10 DevOps Trends to watch in 2020
by Eveline Oehrlich, Research Director Research In Action. 
Thank you to the following contributors: Helen Beal, Ranger4; Philippa Hale, Ranger4; Jayne Groll, DevOps Institute

In 2019, we saw numerous examples of successful DevOps initiatives across large and small enterprises – congratulations to all of you who were involved in one. But what can we expect for the future of DevOps 2020? As thought leaders in the DevOps community, we believe the following ten trends will shape the next year of DevOps across the globe.

1) Agile and DevOps will increase collaboration between technology and business functions

Agile and DevOps are grassroot movements that started within technology. In many cases, however, Agile and DevOps have not been able to break out of technology. On the other hand, Agile has been adopted in other functions including finance, human resources and procurement, and marketing. Some senior leaders are increasingly inviting their whole organizations to “become agile.”

However, this doesn’t seem to have helped the technology community join forces with their colleagues in these other functions. Because of the competitive pressure digital is putting on organizations, we will start to see more collaboration across functions with agile as the conversation starter. 

To speed this up, encourage your teams to talk to people from different functions about their experience using agile methods. Questions that can help break the ice include: How are you doing agile? What are you doing? What is changing for you?

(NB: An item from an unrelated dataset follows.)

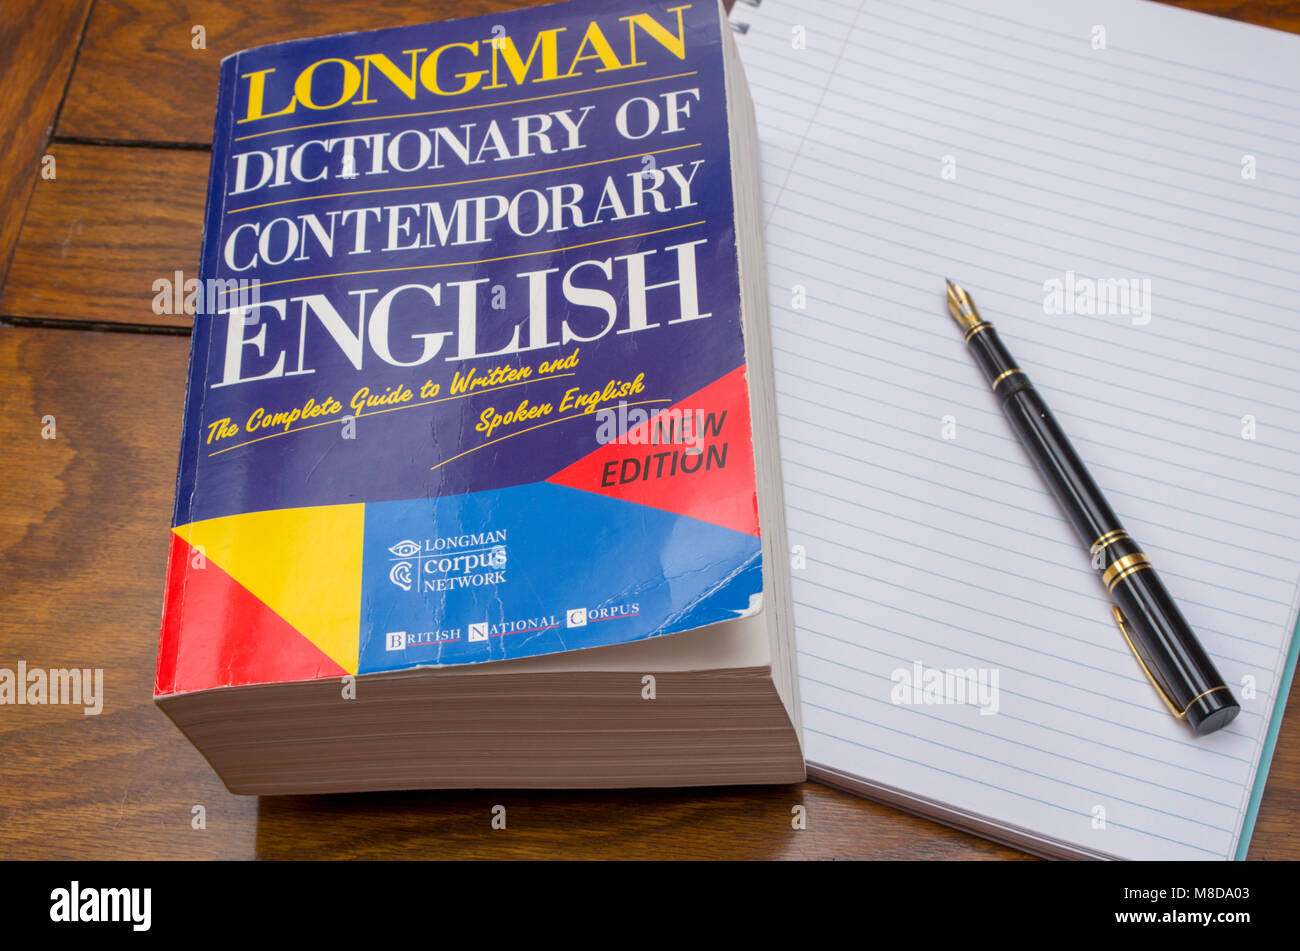 longman dictionary of contemprary english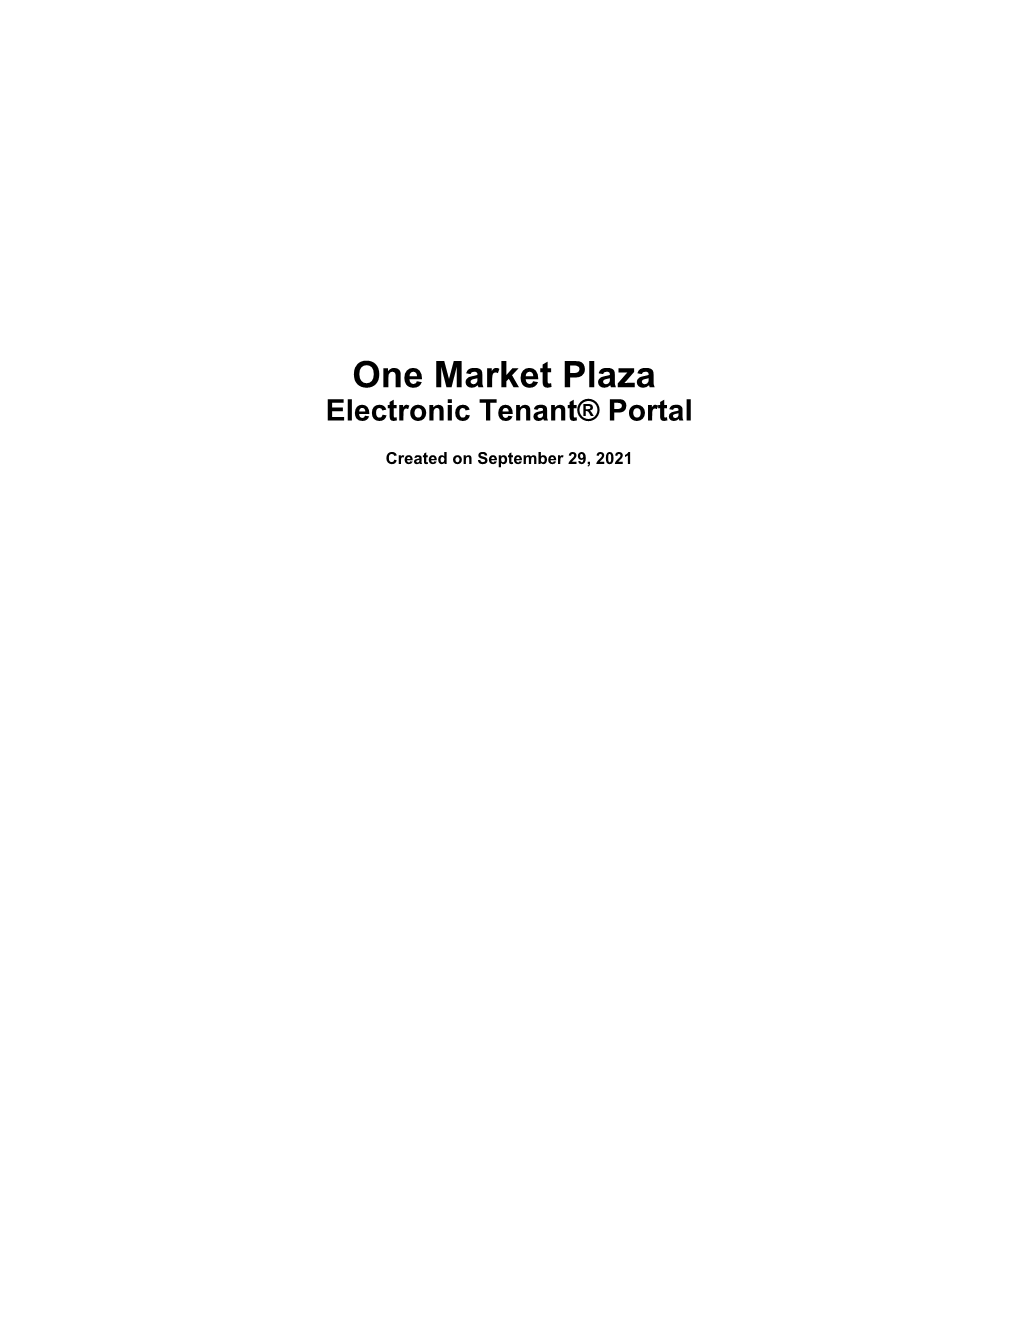 One Market Plaza Electronic Tenant® Portal

What issues are you having? How could we work together to help to address some of these issues? These questions will help people from different functions get to know each other – as people – and collaboration will improve. 

2) Training, learning, and improving DevOps skills will become an organizational priority                      

DevOps requires trying out new technologies. Recent research from the DevOps Institute found that 55 percent of survey respondents prefer to hire into their DevOps teams from within their organization. Unfortunately, many companies don’t have the necessary skills to do this and hiring new people might not be possible due to budget restraints.

One approach is to create internal training universities. This is what the courier delivery services firm FedEx did. The company knew it did not have adequate skills in its talent pool of engineers, leading their CIO to initiate the FedEx Cloud Dojo, which teaches its own engineers modern software development and technologies and functions as a university for FedEx. The university has reskilled more than 2,500 software programmers. 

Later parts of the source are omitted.